The paper "Padé Activation Units: End-to-end Learning of Flexible Activation Functions in Deep Networks" by Alejandro Molina, Patrick Schramowski, and Kristian Kersting investigates the integration of Padé approximants into deep learning frameworks as adaptive activation functions. Historically, the choice of activation functions, such as ReLU, Sigmoid, or Tanh, has had significant consequences for the efficacy of neural networks. Typically, these functions are chosen based on existing literature and fixed during network training. Recognizing the limitations posed by such predetermined selections, this paper proposes a paradigm shift towards more adaptable models using Padé Activation Units (PAUs).

Key Concepts

The ingenuity of this paper lies in leveraging Padé approximants—rational functions with adjustable coefficients—to replace static activation functions. This enables deep learning models to autonomously learn and optimize activation functions during training, thus facilitating improvements in predictive performance and network flexibility. Padé approximants have shown advantages over polynomial representations typically used in activation functions due to their superior convergence properties and ability to better approximate functions outside of polynomial behavior.

Empirical Conclusions

Through rigorous empirical evaluation across standard datasets like MNIST, CIFAR-10, and ImageNet, the paper demonstrates that networks utilizing PAUs can consistently outperform those relying on static activations.
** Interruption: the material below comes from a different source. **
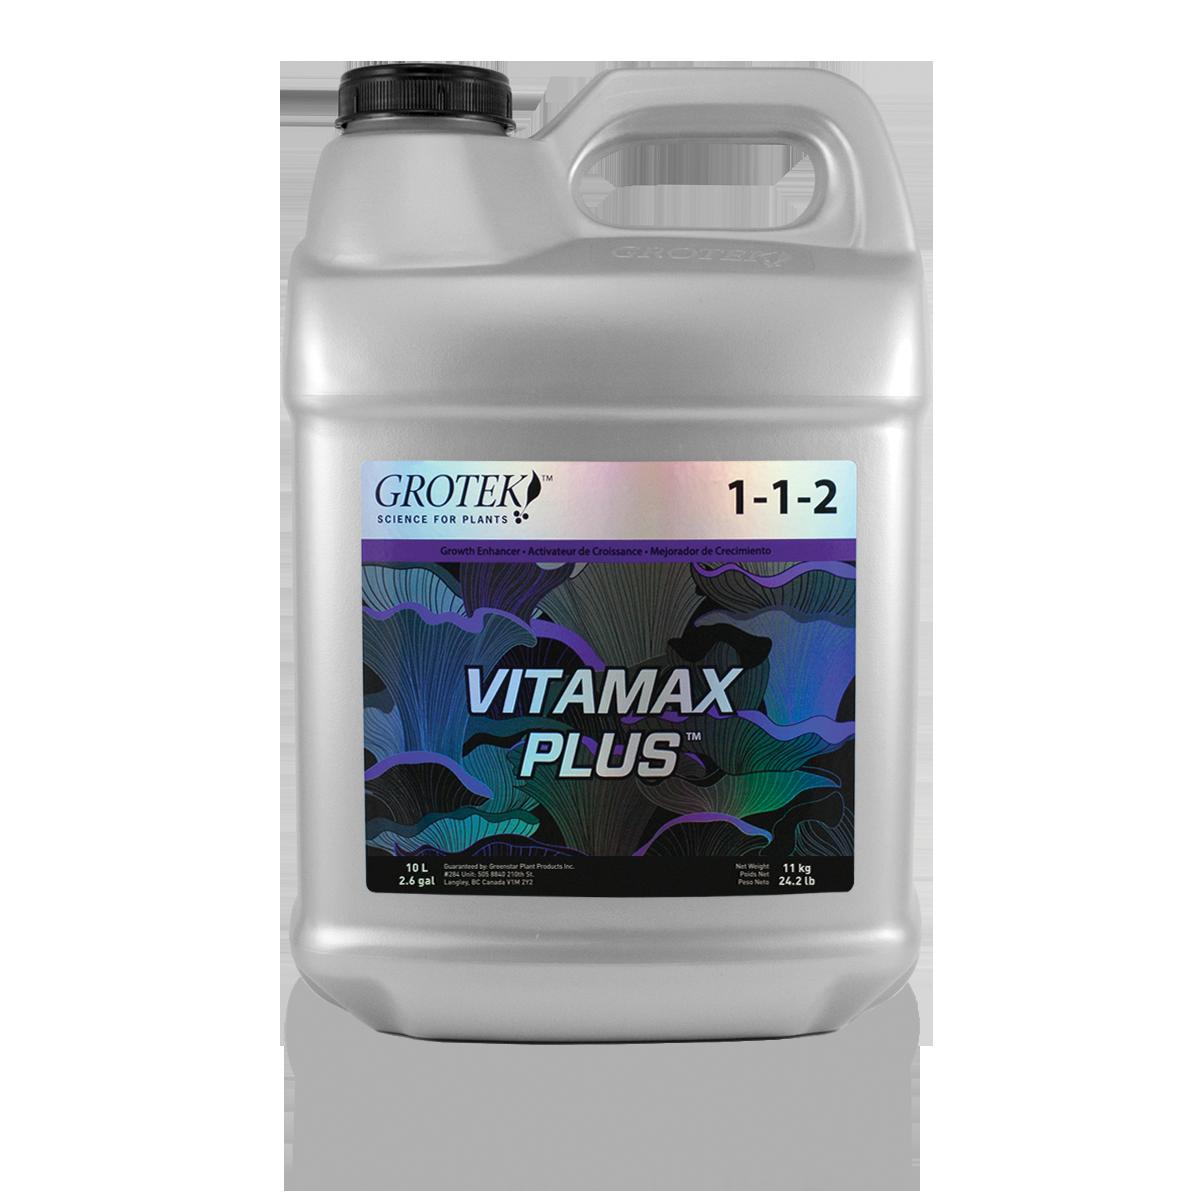 Grotek Grotek - Vitamax Plus

Notably, PAUs preserved or improved the predictive performance across various architectures, including VGG, ResNet, and MobileNetV2, with marginal increases in network parameter counts. This highlights the PAUs' capability to seamlessly integrate into existing frameworks without substantial computational overhead.
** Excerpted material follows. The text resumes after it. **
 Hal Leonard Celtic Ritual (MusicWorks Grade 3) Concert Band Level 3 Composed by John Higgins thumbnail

In controlled experiments on MNIST and Fashion-MNIST using architectures such as LeNet and VGG, PAUs not only matched the best performance of competing activation functions but also frequently surpassed them, offering improved stability and convergence behavior. The CIFAR-10 results further emphasized the advantages of adaptive learning for activation functions, particularly for architectures like MobileNetV2, where flexibility in activation could drive considerable gains due to the architecture's inherent compactness and depth.

Extended Benefits and Future Directions

One theoretical contribution of the work is the proof that Padé networks with PAU activation functions retain universality in function approximation, akin to networks with traditional non-polynomial activations. This implies that PAUs, despite their adaptability, do not sacrifice the theoretical expressiveness necessary for comprehensive function modeling.
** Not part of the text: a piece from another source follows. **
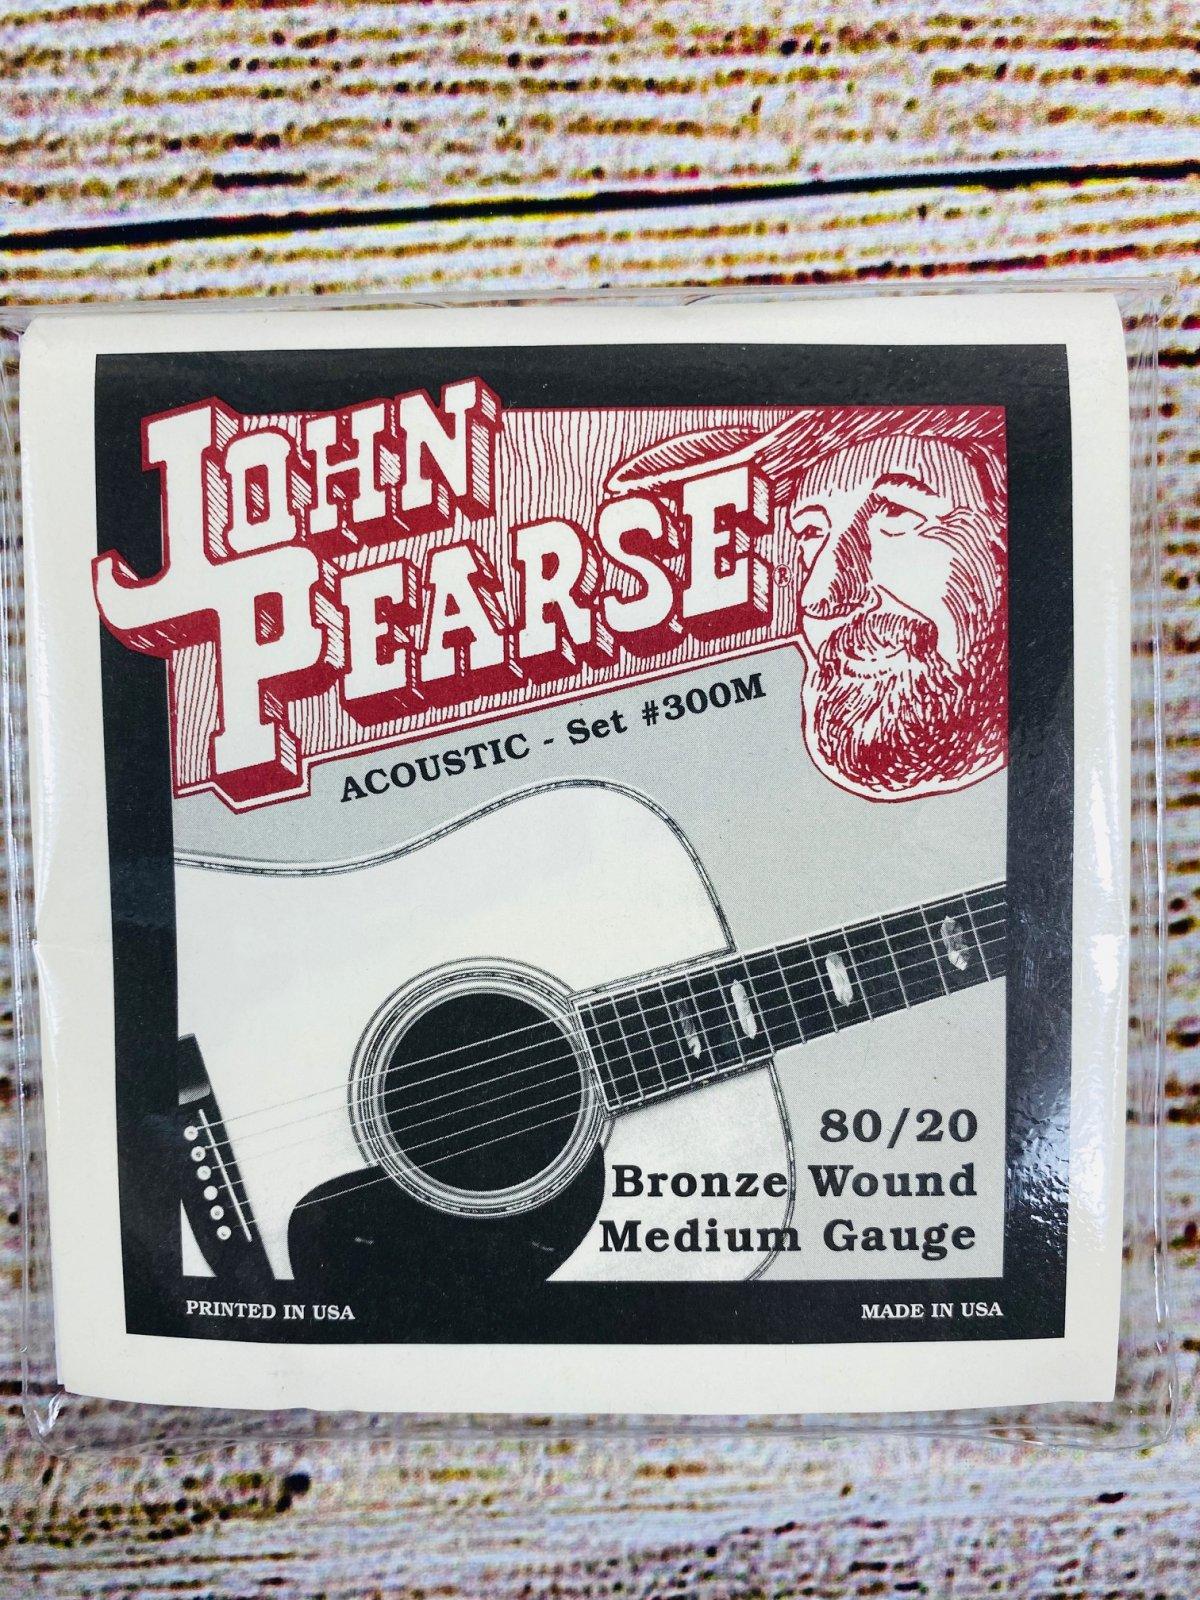 John Pearse Acoustic Six String Guitar 80/20 Bronze Medium Gauge, .013 - .056

The paper raises significant implications for future AI development, particularly in automated model selection and hyperparameter tuning. With PAUs, practitioners can delegate the task of selecting optimal activation functions to the network itself, maximizing performance while minimizing manual experimentation. Additionally, the potential to employ PAUs in sparsity-driven research, such as neural network pruning (e.g., lottery ticket hypothesis), opens avenues for creating efficient, robust models with minimized computational costs. This could leverage global optimal training strategies or enhance robustness by exploiting the fine-tuned properties of PAUs.

In conclusion, Padé Activation Units represent a promising step towards flexible and efficient learning paradigms in AI. By adopting rational approximations, they offer an adaptable, scalable mechanism that broadens the horizons for deep learning applicability and innovation.